What the exercise asks: Each line from the one with "Czyreklama naFacebooku jest skuteczna?" through the last line of the material is to be printed exactly; no other line and no picture belongs in the copy.

Dataset excerpt:
:::::

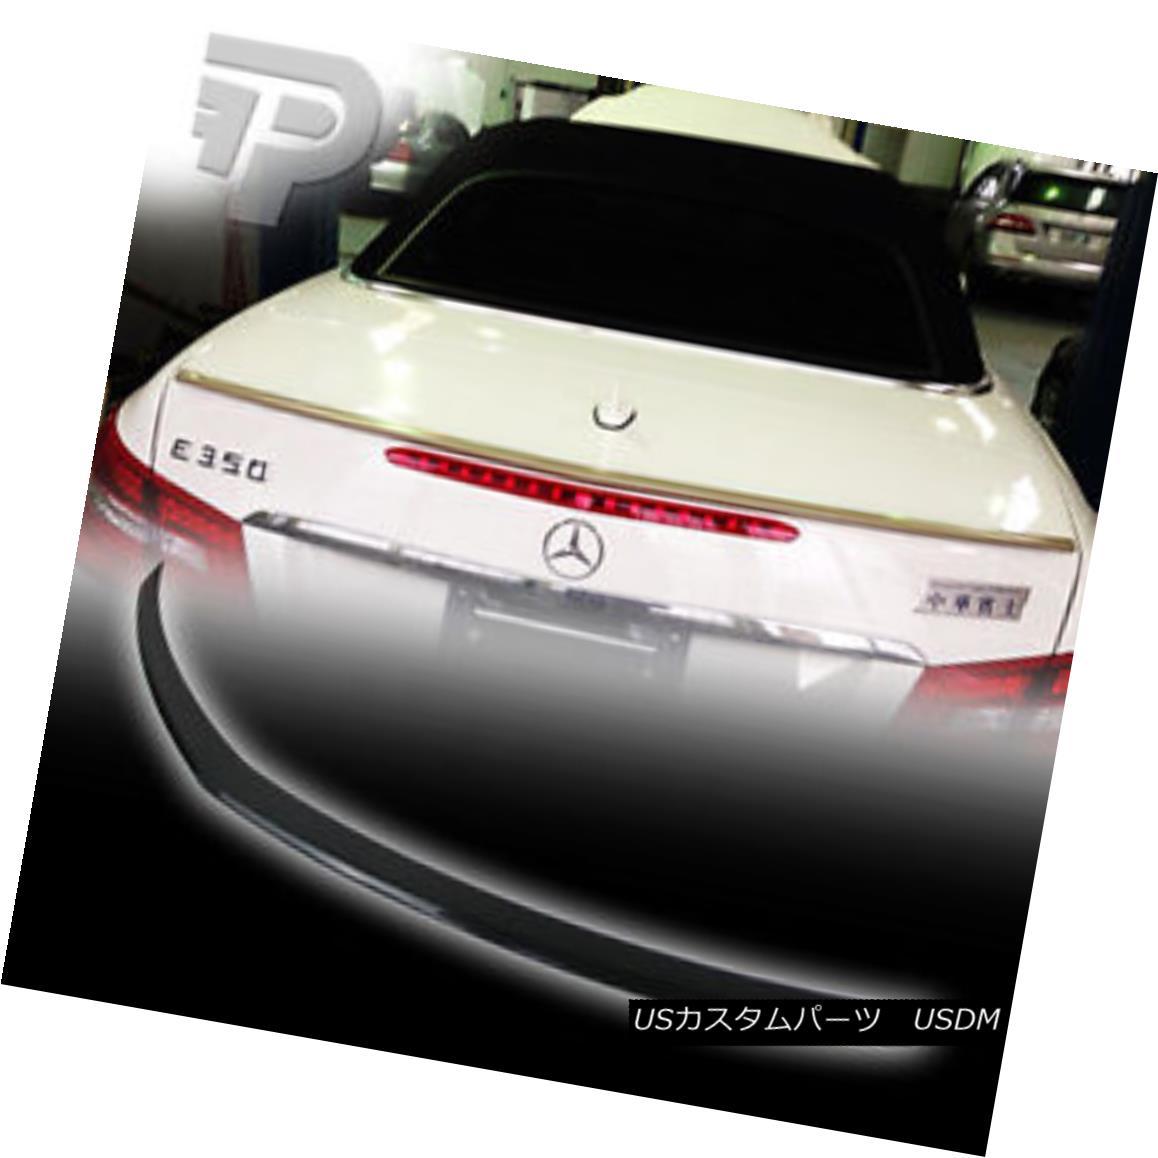 エアロパーツ PAINTED Mercedes BENZ C207 COUPE A TYPE TRUNK SPOILER REAR BOOT 197 BLACK ▼ ペイントされたメルセデスベンツC207カップリングAタイプのトランクスポイラーリアブーツ197ブラック?
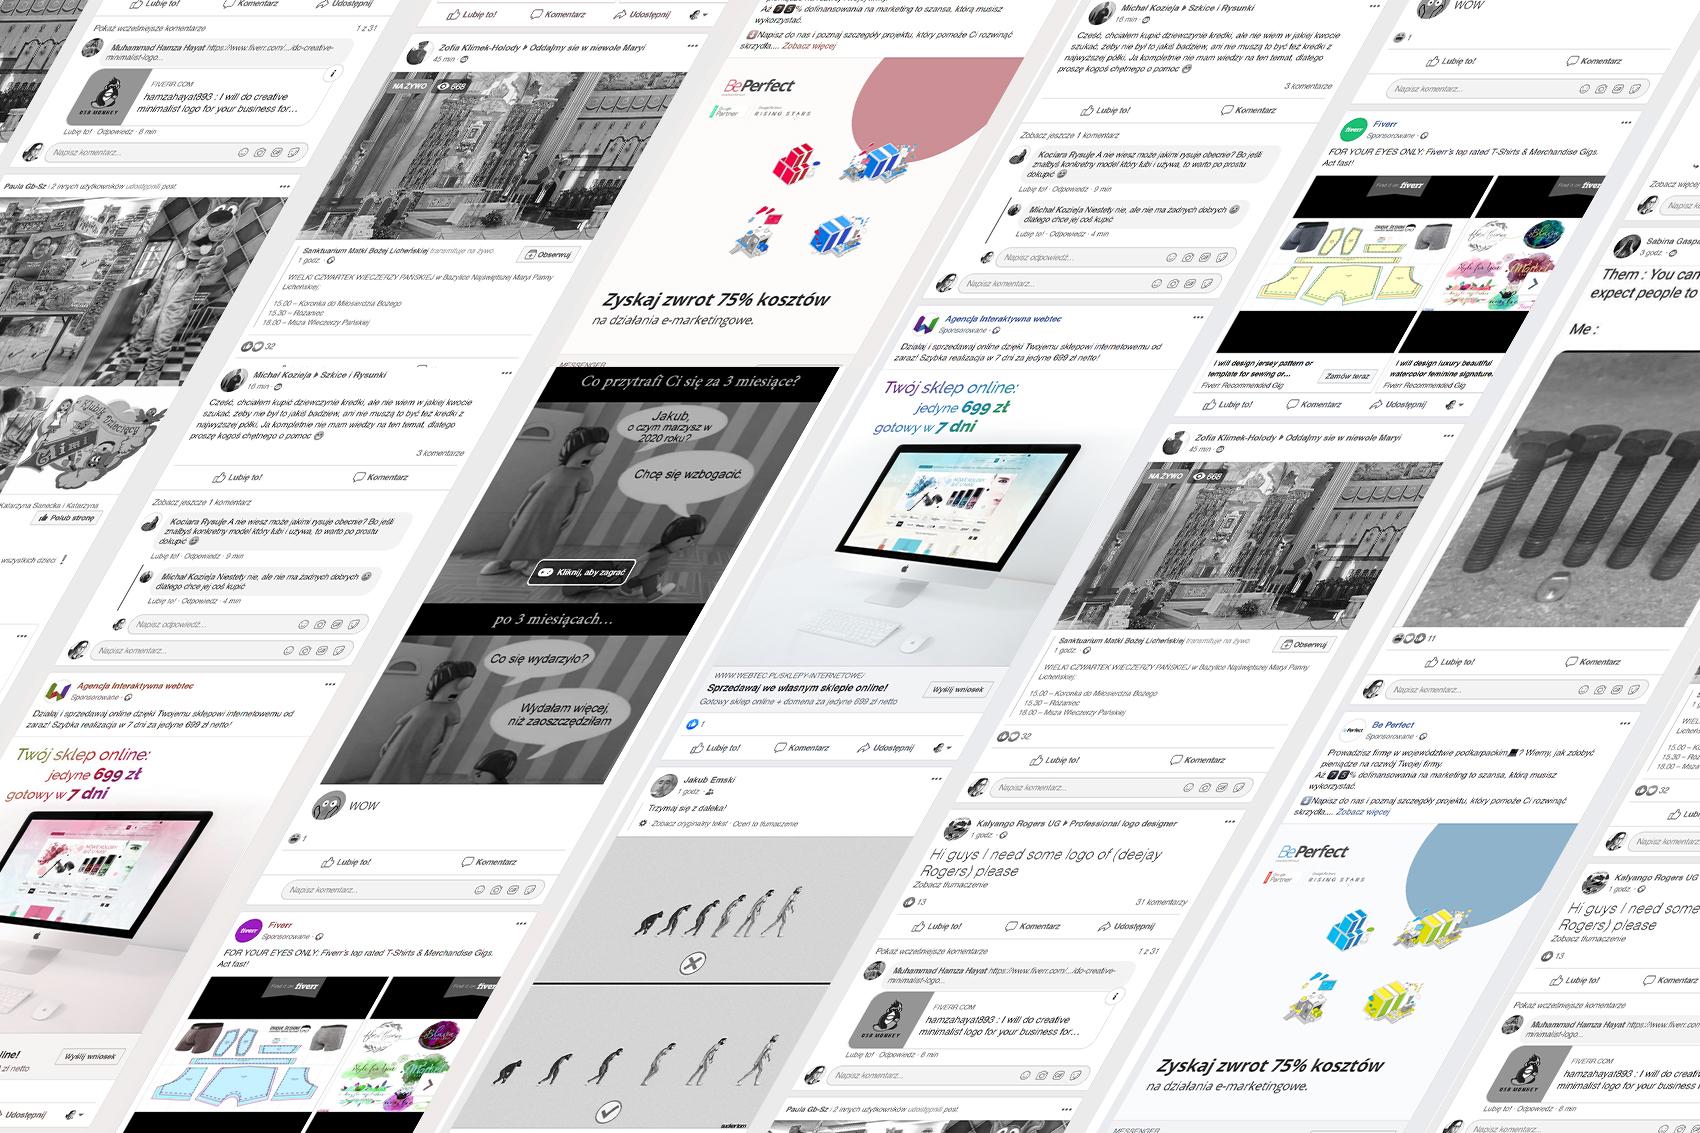 Czyreklama naFacebooku jest skuteczna?
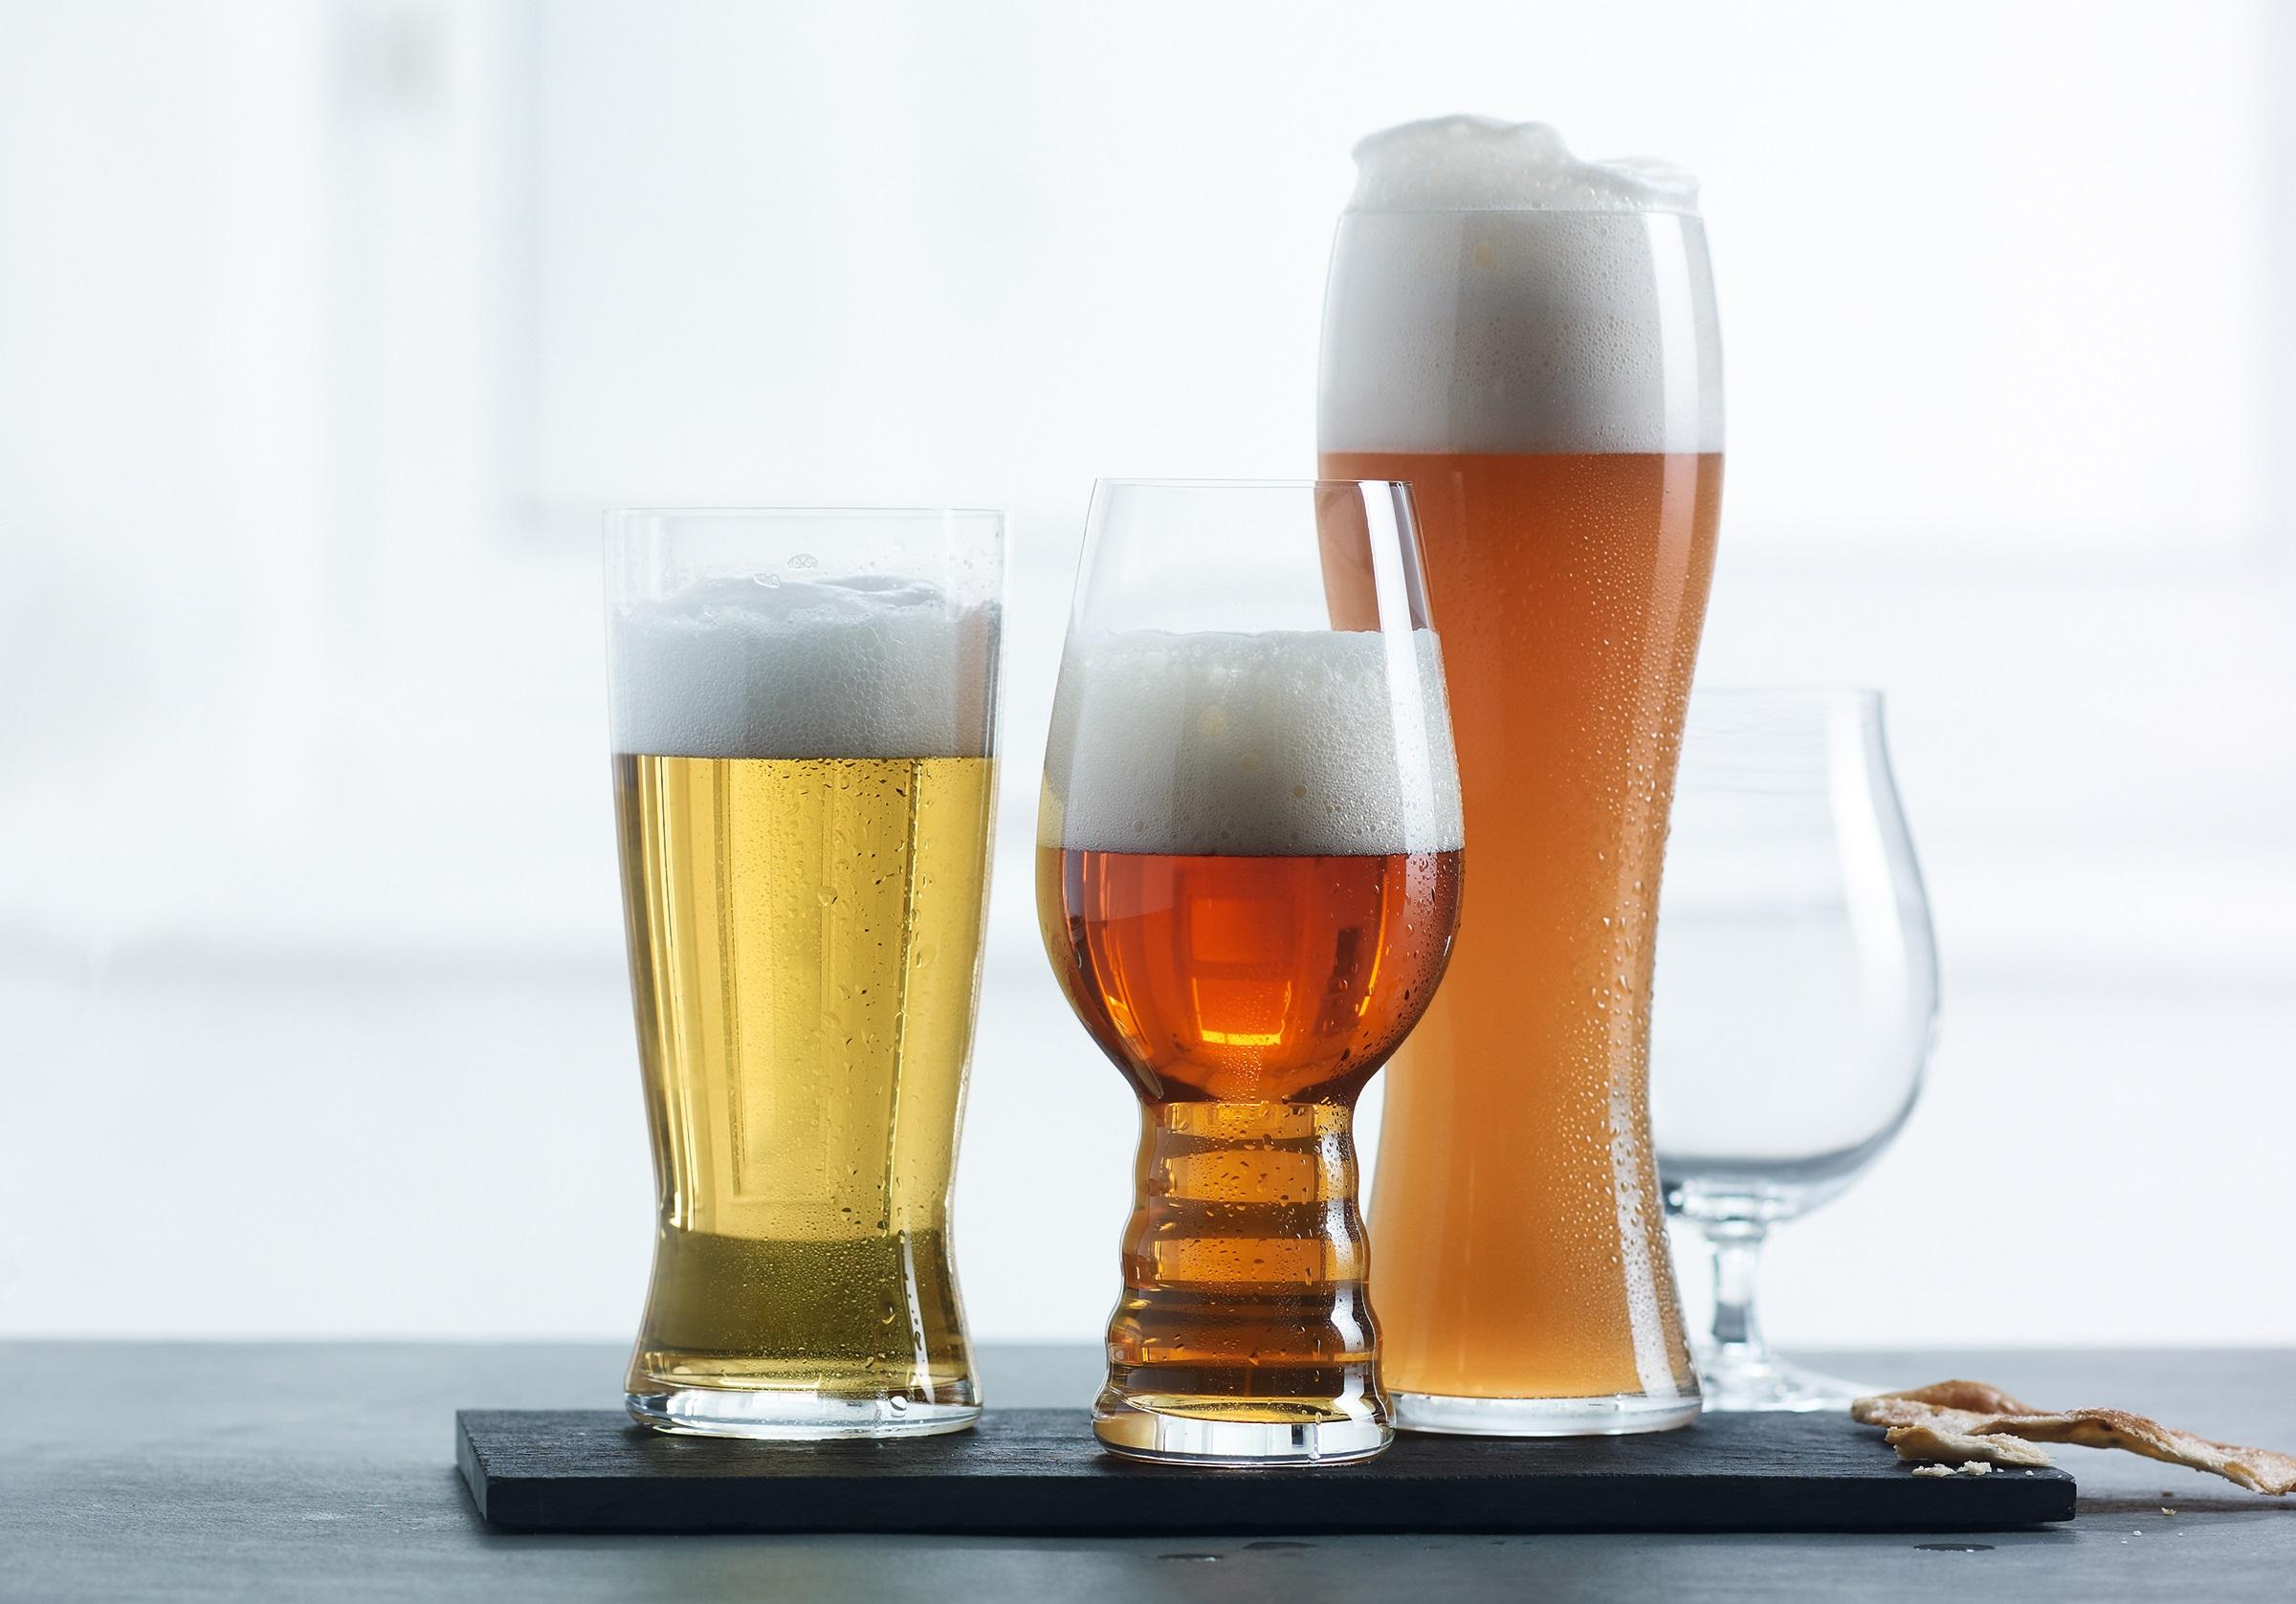 【ビール好き必見!】プロが教える、普段のビールがもっとおいしくなる専用グラス5選

:::::

Task answer:
 Czyreklama naFacebooku jest skuteczna?
 【ビール好き必見!】プロが教える、普段のビールがもっとおいしくなる専用グラス5選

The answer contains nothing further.